Available data Start Marker
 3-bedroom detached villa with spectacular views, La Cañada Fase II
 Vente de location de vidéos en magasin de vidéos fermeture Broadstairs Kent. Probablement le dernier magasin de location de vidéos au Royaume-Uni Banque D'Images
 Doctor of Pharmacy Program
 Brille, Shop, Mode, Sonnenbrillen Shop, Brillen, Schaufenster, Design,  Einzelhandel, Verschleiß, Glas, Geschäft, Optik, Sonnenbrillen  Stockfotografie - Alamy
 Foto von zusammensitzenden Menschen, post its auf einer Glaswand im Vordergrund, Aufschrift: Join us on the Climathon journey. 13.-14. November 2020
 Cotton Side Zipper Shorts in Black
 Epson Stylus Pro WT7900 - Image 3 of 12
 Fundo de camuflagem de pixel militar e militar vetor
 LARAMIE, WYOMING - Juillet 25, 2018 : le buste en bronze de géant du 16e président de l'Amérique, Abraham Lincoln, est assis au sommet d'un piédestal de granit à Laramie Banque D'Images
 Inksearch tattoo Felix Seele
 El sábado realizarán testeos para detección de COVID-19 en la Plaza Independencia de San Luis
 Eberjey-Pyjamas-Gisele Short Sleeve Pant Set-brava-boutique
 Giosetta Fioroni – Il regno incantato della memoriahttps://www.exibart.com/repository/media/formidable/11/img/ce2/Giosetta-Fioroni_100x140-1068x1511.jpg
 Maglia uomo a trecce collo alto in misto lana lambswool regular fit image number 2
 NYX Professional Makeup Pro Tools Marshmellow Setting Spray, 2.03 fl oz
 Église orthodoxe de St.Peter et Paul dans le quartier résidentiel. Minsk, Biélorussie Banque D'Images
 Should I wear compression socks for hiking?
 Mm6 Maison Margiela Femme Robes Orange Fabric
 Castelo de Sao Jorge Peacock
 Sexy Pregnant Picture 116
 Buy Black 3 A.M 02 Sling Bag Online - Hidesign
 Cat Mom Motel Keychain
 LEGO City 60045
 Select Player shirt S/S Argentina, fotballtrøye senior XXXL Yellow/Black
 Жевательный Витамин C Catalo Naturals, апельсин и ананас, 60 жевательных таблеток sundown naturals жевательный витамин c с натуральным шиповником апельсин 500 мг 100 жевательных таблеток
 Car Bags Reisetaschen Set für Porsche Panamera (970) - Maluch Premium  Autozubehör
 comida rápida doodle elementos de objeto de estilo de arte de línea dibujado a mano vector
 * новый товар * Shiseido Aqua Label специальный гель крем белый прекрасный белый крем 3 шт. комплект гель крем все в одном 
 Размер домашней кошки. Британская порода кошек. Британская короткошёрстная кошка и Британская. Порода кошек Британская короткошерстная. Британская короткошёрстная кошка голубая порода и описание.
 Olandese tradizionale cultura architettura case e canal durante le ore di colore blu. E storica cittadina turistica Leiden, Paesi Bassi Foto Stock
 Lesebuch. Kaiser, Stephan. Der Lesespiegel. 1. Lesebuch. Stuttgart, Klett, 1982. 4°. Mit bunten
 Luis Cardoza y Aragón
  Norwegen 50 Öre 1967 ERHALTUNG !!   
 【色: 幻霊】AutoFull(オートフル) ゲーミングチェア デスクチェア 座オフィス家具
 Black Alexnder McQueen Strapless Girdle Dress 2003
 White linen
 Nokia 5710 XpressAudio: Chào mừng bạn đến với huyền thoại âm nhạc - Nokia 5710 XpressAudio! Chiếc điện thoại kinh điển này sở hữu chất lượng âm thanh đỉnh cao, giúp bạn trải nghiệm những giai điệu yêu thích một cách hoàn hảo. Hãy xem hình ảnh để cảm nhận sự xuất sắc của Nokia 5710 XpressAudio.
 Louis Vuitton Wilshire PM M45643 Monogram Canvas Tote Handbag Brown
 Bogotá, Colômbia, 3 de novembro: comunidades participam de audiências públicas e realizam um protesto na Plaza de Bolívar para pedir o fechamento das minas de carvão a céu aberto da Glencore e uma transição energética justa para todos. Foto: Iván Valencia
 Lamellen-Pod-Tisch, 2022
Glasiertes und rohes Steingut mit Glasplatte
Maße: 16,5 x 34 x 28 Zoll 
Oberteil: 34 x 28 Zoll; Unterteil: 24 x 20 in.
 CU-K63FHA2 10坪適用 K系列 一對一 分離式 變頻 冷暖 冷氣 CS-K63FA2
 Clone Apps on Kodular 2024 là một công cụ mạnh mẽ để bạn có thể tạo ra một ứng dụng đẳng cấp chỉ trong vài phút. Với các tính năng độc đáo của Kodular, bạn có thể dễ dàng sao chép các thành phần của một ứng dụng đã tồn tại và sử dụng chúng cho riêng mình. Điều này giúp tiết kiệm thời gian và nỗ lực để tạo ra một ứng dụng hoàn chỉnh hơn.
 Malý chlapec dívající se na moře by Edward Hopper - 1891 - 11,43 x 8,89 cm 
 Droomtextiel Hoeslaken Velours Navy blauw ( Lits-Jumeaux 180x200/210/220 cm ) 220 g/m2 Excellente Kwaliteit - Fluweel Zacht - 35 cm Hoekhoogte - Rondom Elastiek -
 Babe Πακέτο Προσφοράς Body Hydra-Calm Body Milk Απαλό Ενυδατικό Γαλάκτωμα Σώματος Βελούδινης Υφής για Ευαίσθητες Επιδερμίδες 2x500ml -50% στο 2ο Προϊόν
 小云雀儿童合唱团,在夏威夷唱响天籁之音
Available data End Marker
Your goal: Without any alteration, the preceding material should be retyped in full.

Finished task:
 3-bedroom detached villa with spectacular views, La Cañada Fase II
 Vente de location de vidéos en magasin de vidéos fermeture Broadstairs Kent. Probablement le dernier magasin de location de vidéos au Royaume-Uni Banque D'Images
 Doctor of Pharmacy Program
 Brille, Shop, Mode, Sonnenbrillen Shop, Brillen, Schaufenster, Design,  Einzelhandel, Verschleiß, Glas, Geschäft, Optik, Sonnenbrillen  Stockfotografie - Alamy
 Foto von zusammensitzenden Menschen, post its auf einer Glaswand im Vordergrund, Aufschrift: Join us on the Climathon journey. 13.-14. November 2020
 Cotton Side Zipper Shorts in Black
 Epson Stylus Pro WT7900 - Image 3 of 12
 Fundo de camuflagem de pixel militar e militar vetor
 LARAMIE, WYOMING - Juillet 25, 2018 : le buste en bronze de géant du 16e président de l'Amérique, Abraham Lincoln, est assis au sommet d'un piédestal de granit à Laramie Banque D'Images
 Inksearch tattoo Felix Seele
 El sábado realizarán testeos para detección de COVID-19 en la Plaza Independencia de San Luis
 Eberjey-Pyjamas-Gisele Short Sleeve Pant Set-brava-boutique
 Giosetta Fioroni – Il regno incantato della memoriahttps://www.exibart.com/repository/media/formidable/11/img/ce2/Giosetta-Fioroni_100x140-1068x1511.jpg
 Maglia uomo a trecce collo alto in misto lana lambswool regular fit image number 2
 NYX Professional Makeup Pro Tools Marshmellow Setting Spray, 2.03 fl oz
 Église orthodoxe de St.Peter et Paul dans le quartier résidentiel. Minsk, Biélorussie Banque D'Images
 Should I wear compression socks for hiking?
 Mm6 Maison Margiela Femme Robes Orange Fabric
 Castelo de Sao Jorge Peacock
 Sexy Pregnant Picture 116
 Buy Black 3 A.M 02 Sling Bag Online - Hidesign
 Cat Mom Motel Keychain
 LEGO City 60045
 Select Player shirt S/S Argentina, fotballtrøye senior XXXL Yellow/Black
 Жевательный Витамин C Catalo Naturals, апельсин и ананас, 60 жевательных таблеток sundown naturals жевательный витамин c с натуральным шиповником апельсин 500 мг 100 жевательных таблеток
 Car Bags Reisetaschen Set für Porsche Panamera (970) - Maluch Premium  Autozubehör
 comida rápida doodle elementos de objeto de estilo de arte de línea dibujado a mano vector
 * новый товар * Shiseido Aqua Label специальный гель крем белый прекрасный белый крем 3 шт. комплект гель крем все в одном 
 Размер домашней кошки. Британская порода кошек. Британская короткошёрстная кошка и Британская. Порода кошек Британская короткошерстная. Британская короткошёрстная кошка голубая порода и описание.
 Olandese tradizionale cultura architettura case e canal durante le ore di colore blu. E storica cittadina turistica Leiden, Paesi Bassi Foto Stock
 Lesebuch. Kaiser, Stephan. Der Lesespiegel. 1. Lesebuch. Stuttgart, Klett, 1982. 4°. Mit bunten
 Luis Cardoza y Aragón
  Norwegen 50 Öre 1967 ERHALTUNG !!   
 【色: 幻霊】AutoFull(オートフル) ゲーミングチェア デスクチェア 座オフィス家具
 Black Alexnder McQueen Strapless Girdle Dress 2003
 White linen
 Nokia 5710 XpressAudio: Chào mừng bạn đến với huyền thoại âm nhạc - Nokia 5710 XpressAudio! Chiếc điện thoại kinh điển này sở hữu chất lượng âm thanh đỉnh cao, giúp bạn trải nghiệm những giai điệu yêu thích một cách hoàn hảo. Hãy xem hình ảnh để cảm nhận sự xuất sắc của Nokia 5710 XpressAudio.
 Louis Vuitton Wilshire PM M45643 Monogram Canvas Tote Handbag Brown
 Bogotá, Colômbia, 3 de novembro: comunidades participam de audiências públicas e realizam um protesto na Plaza de Bolívar para pedir o fechamento das minas de carvão a céu aberto da Glencore e uma transição energética justa para todos. Foto: Iván Valencia
 Lamellen-Pod-Tisch, 2022
Glasiertes und rohes Steingut mit Glasplatte
Maße: 16,5 x 34 x 28 Zoll 
Oberteil: 34 x 28 Zoll; Unterteil: 24 x 20 in.
 CU-K63FHA2 10坪適用 K系列 一對一 分離式 變頻 冷暖 冷氣 CS-K63FA2
 Clone Apps on Kodular 2024 là một công cụ mạnh mẽ để bạn có thể tạo ra một ứng dụng đẳng cấp chỉ trong vài phút. Với các tính năng độc đáo của Kodular, bạn có thể dễ dàng sao chép các thành phần của một ứng dụng đã tồn tại và sử dụng chúng cho riêng mình. Điều này giúp tiết kiệm thời gian và nỗ lực để tạo ra một ứng dụng hoàn chỉnh hơn.
 Malý chlapec dívající se na moře by Edward Hopper - 1891 - 11,43 x 8,89 cm 
 Droomtextiel Hoeslaken Velours Navy blauw ( Lits-Jumeaux 180x200/210/220 cm ) 220 g/m2 Excellente Kwaliteit - Fluweel Zacht - 35 cm Hoekhoogte - Rondom Elastiek -
 Babe Πακέτο Προσφοράς Body Hydra-Calm Body Milk Απαλό Ενυδατικό Γαλάκτωμα Σώματος Βελούδινης Υφής για Ευαίσθητες Επιδερμίδες 2x500ml -50% στο 2ο Προϊόν
 小云雀儿童合唱团,在夏威夷唱响天籁之音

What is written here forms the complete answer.